The Alamo will not fall under United Nations control if it is named a UNESCO World Heritage site, the Texas Land commission assured Texans on Wednesday, according to the San Antonio Express-News.
In a statement Wednesday Jerry Patterson, the Texas land commissioner, called rumors that the U.N. might manage the Alamo and other Spanish missions in Texas “horse hockey.”
“The people of Texas own the Alamo now and in the future. Nothing is going to change that,” Patterson said at a gun rights rally at the Alamo on Oct. 19.
George Rodriguez, former president of the San Antonio Tea Party, stirred up rumors in a piece titled ‘The New Battle of the Alamo.’
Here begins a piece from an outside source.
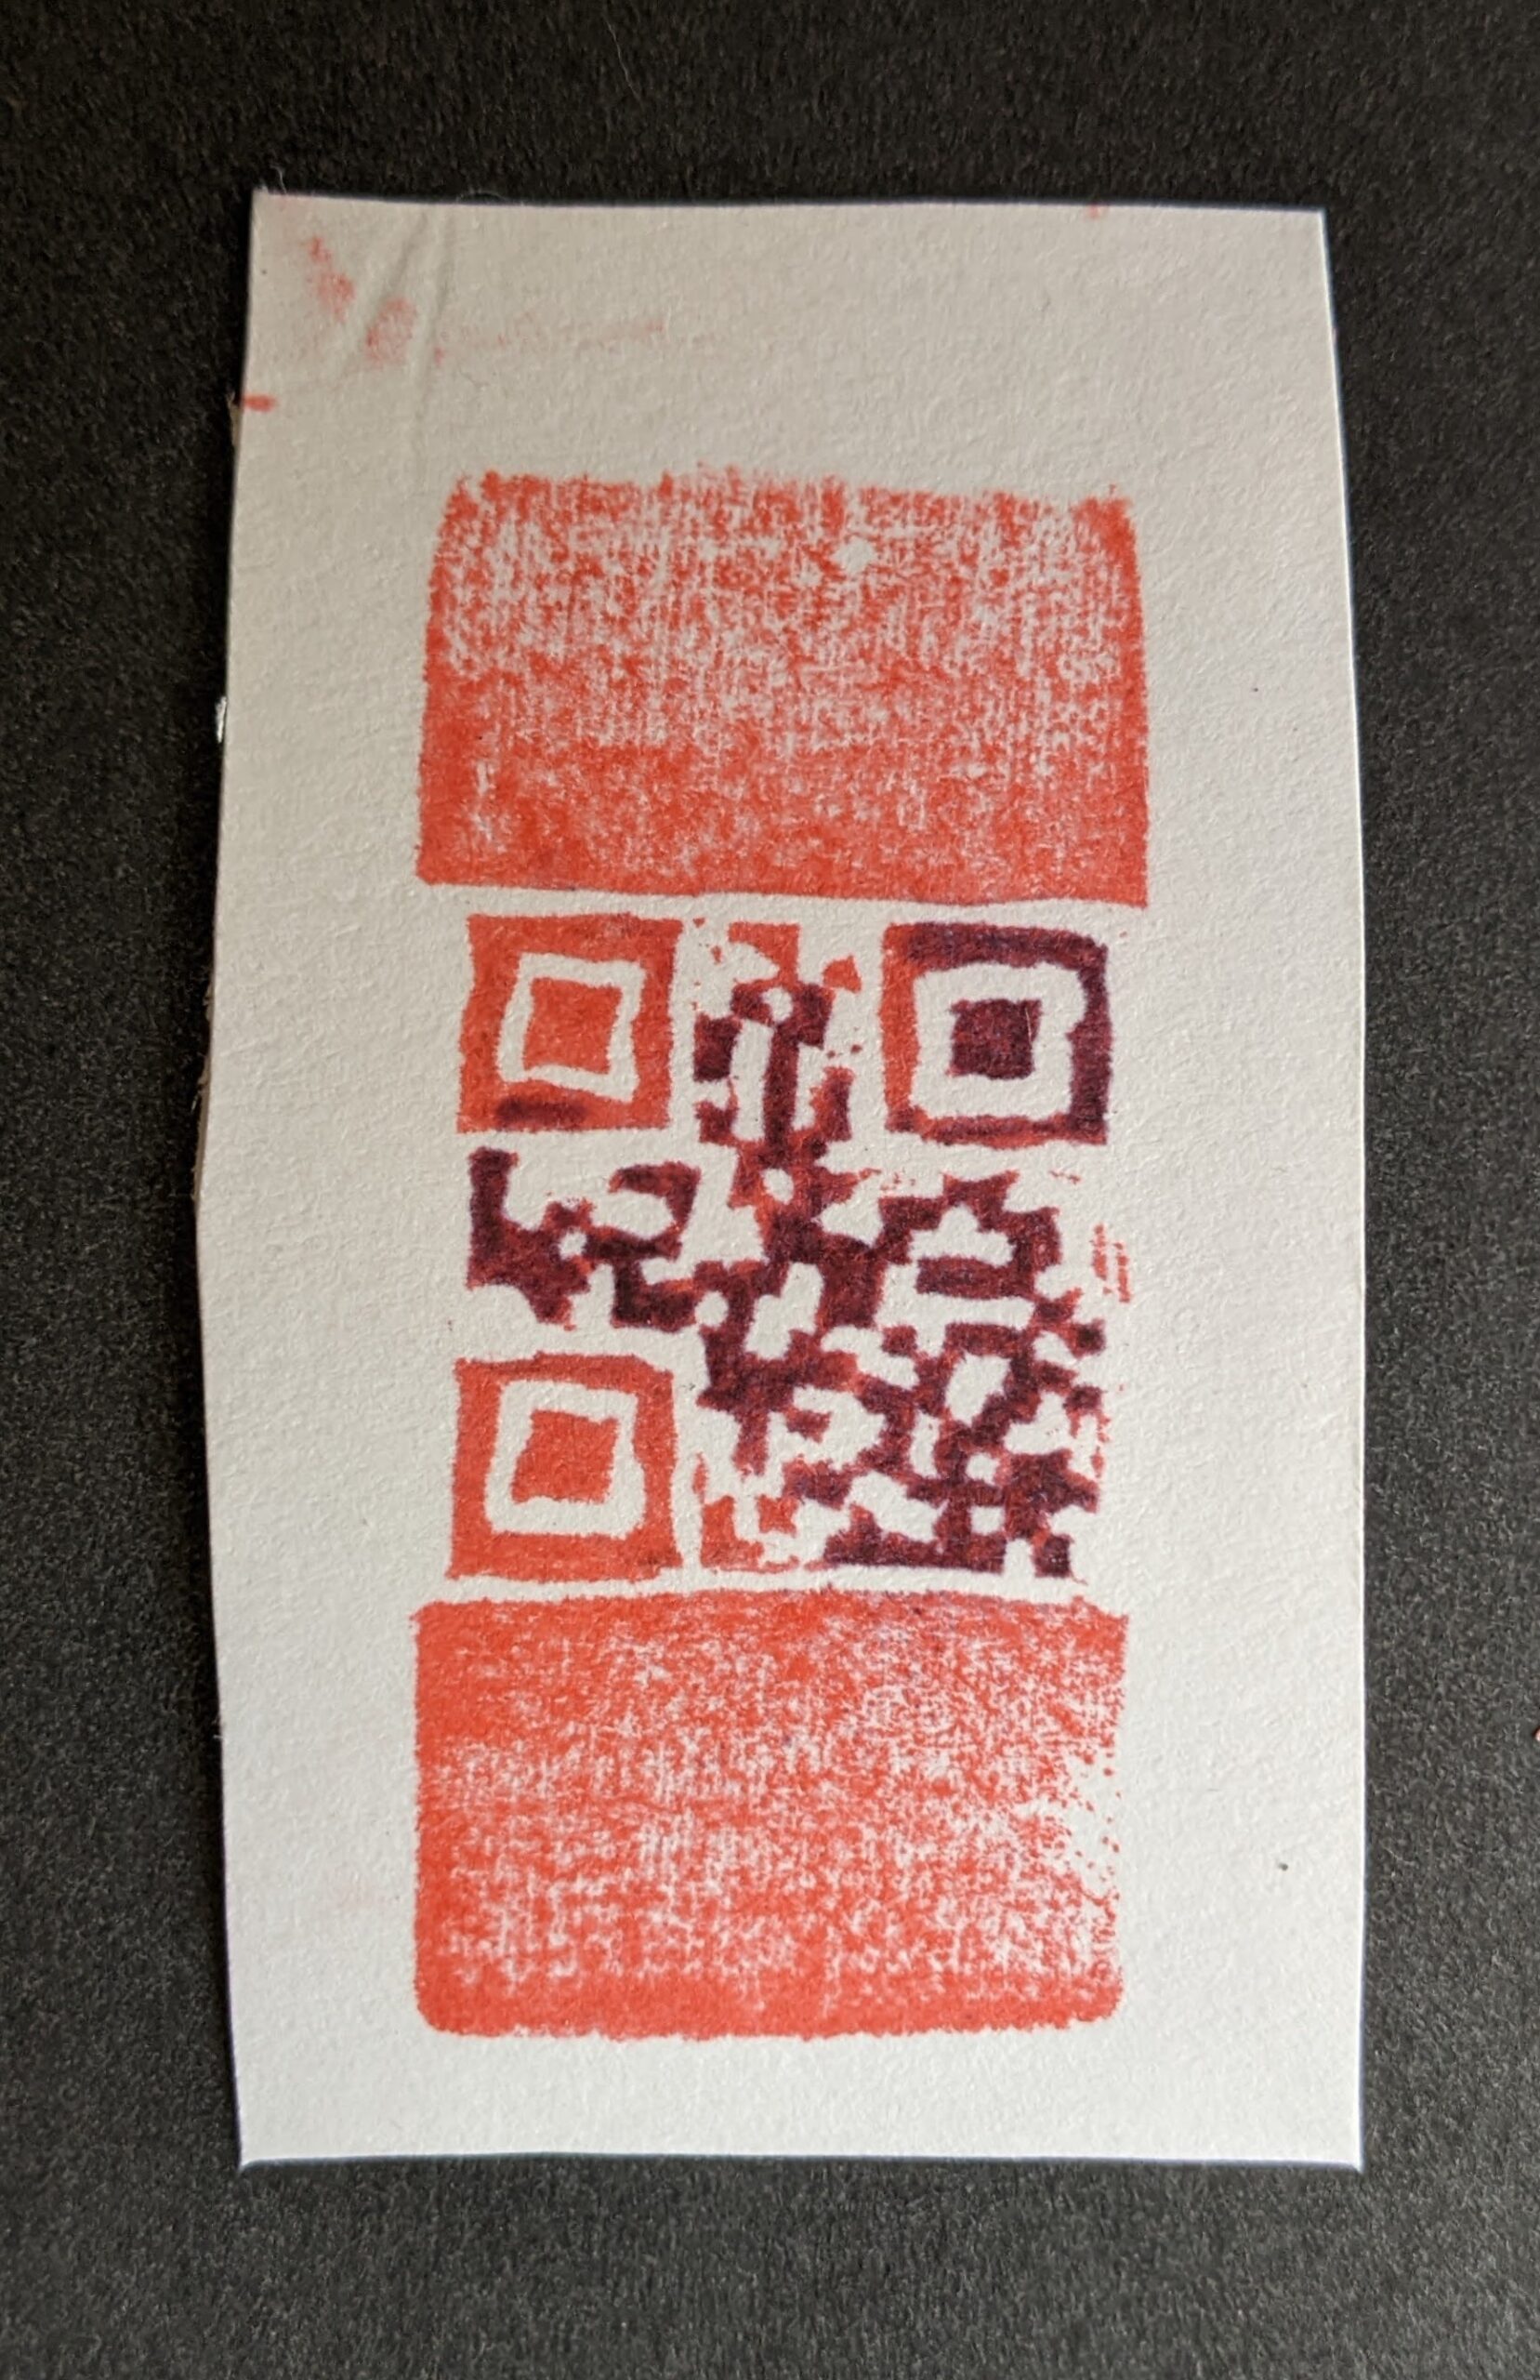 One single scannable stamp impression

Rodriguez said Wednesday that he never stated that the U.N. would take control, but that he merely provided a “cautionary tale.”
“I’m just constantly saying ‘may’ or ‘might,'” he explained. “I’m never once saying that this is going to happen. We need to be aware.”
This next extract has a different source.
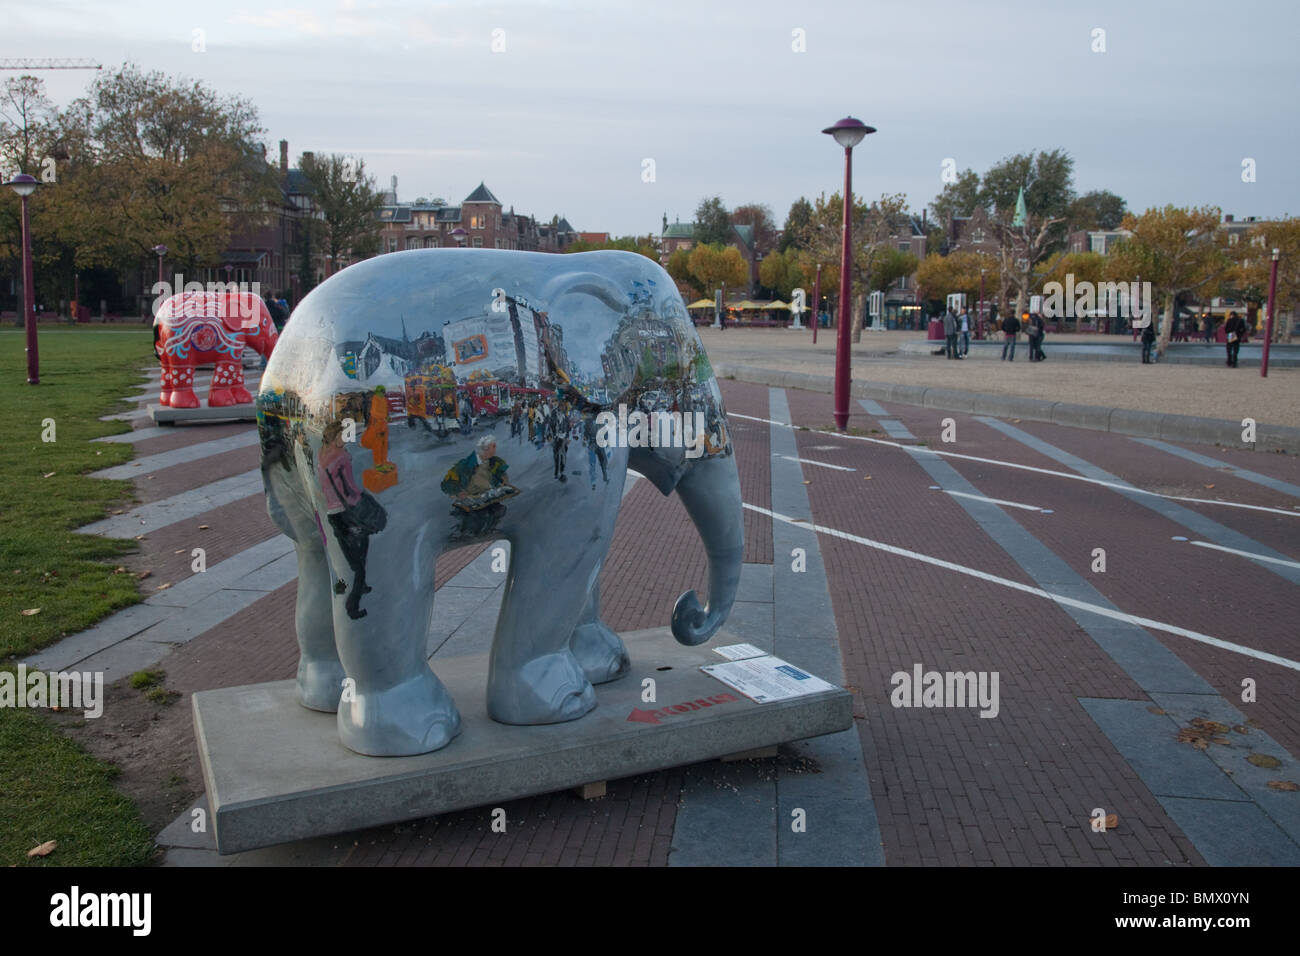 Elephant amsterdam elephant parade hi-res stock photography and images -  Alamy

The two times I visited the Alamo went as follows.
1. I was driving to Houston. Stopped in San Antonio to check it out. Was after closing so I didn’t do the tour. But didn’t much care about that. I go up to the Alamo doors itself and there are all these irritated white people milling around. Some Latino guys totally decked out in Spurs gear head to foot are getting their pictures taken in front of the Alamo and the white people are wondering what they are doing and why they are taking so long. Turns out that someone’s mom and girlfriend or something was taking pictures of them flashing their gang signs in front of the Alamo and they wanted lots of pictures of doing this. Reconquista indeed. Of course none of the white people could figure out what they were doing. Then I turn around and walk toward the shops across the street. A bus comes past from a visiting Texas high school. The name emblazoned on the bus: “Hereford Whitefaces.” The nickname of the high school was indeed the Whitefaces. I understand this is partially related to the look of that particular brand of cattle. But in Texas, it’s not just that. Oh no. I walked away thinking this is the weirdest place I’ve ever been.
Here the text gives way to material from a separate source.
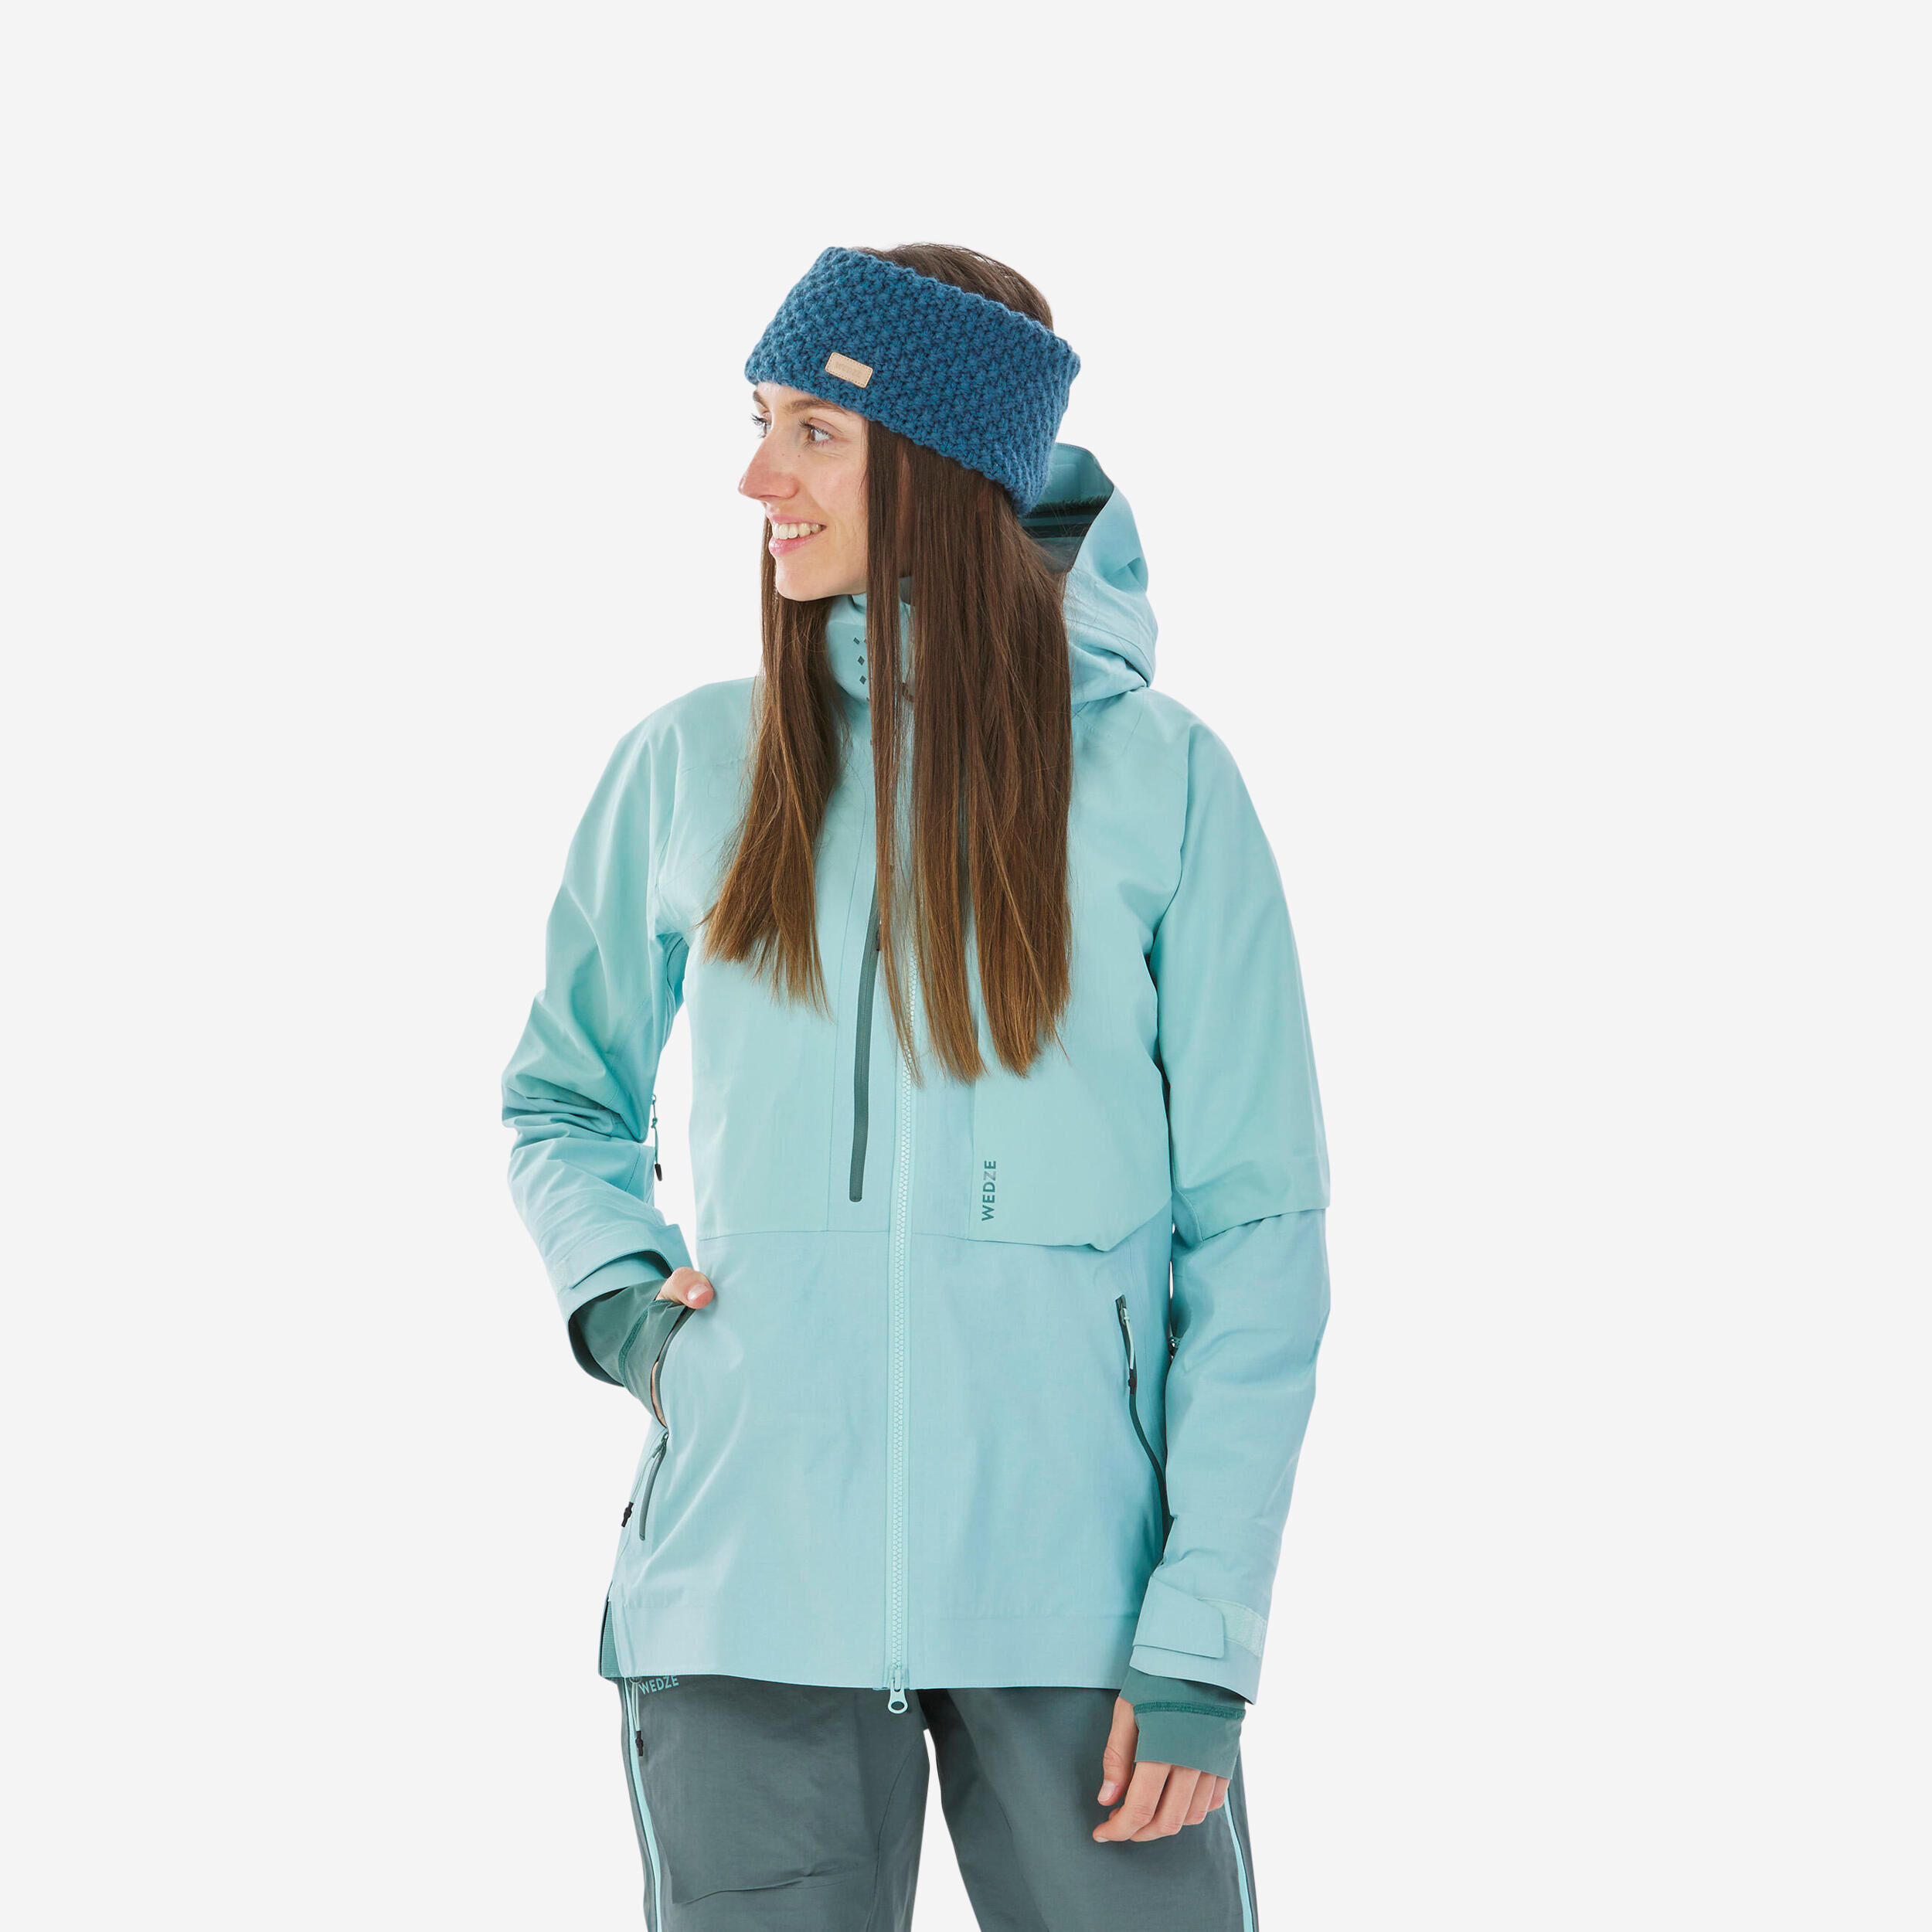 WEDZE Women's Ski Jacket FR900 Turquoise

2. A few years later I was living in Texas. Was taking a historian friend around to various sites of public memory in central Texas. Went to the LBJ ranch, the monument commemorating all the Germans the Texas slaughtered for trying to flee to Mexico during the Civil War because they opposed slavery. Then went to the Alamo. There was some bizarre ceremony going on with some fraternal organization inducting new members or something. They had stands and everything. They introduced the six flags that have flown over the Alamo. No one cheered for the French flag (I’m unclear what right the French ever had over the region but whatever). There were a few claps for the Spanish. None for the Mexican flag. And then a whole lot for the Confederate flag. Only time I’ve ever seen the Confederate flag cheered for. Then we turn around to walk away and there’s a whole group of African-American Revolutionary War reenactors walking toward us. Huh? What the heck?
In any case, I don’t mind if the UN comes and conquers Texas or internationalizes the Alamo or whatever, so long as it remains the weirdest place in the United States.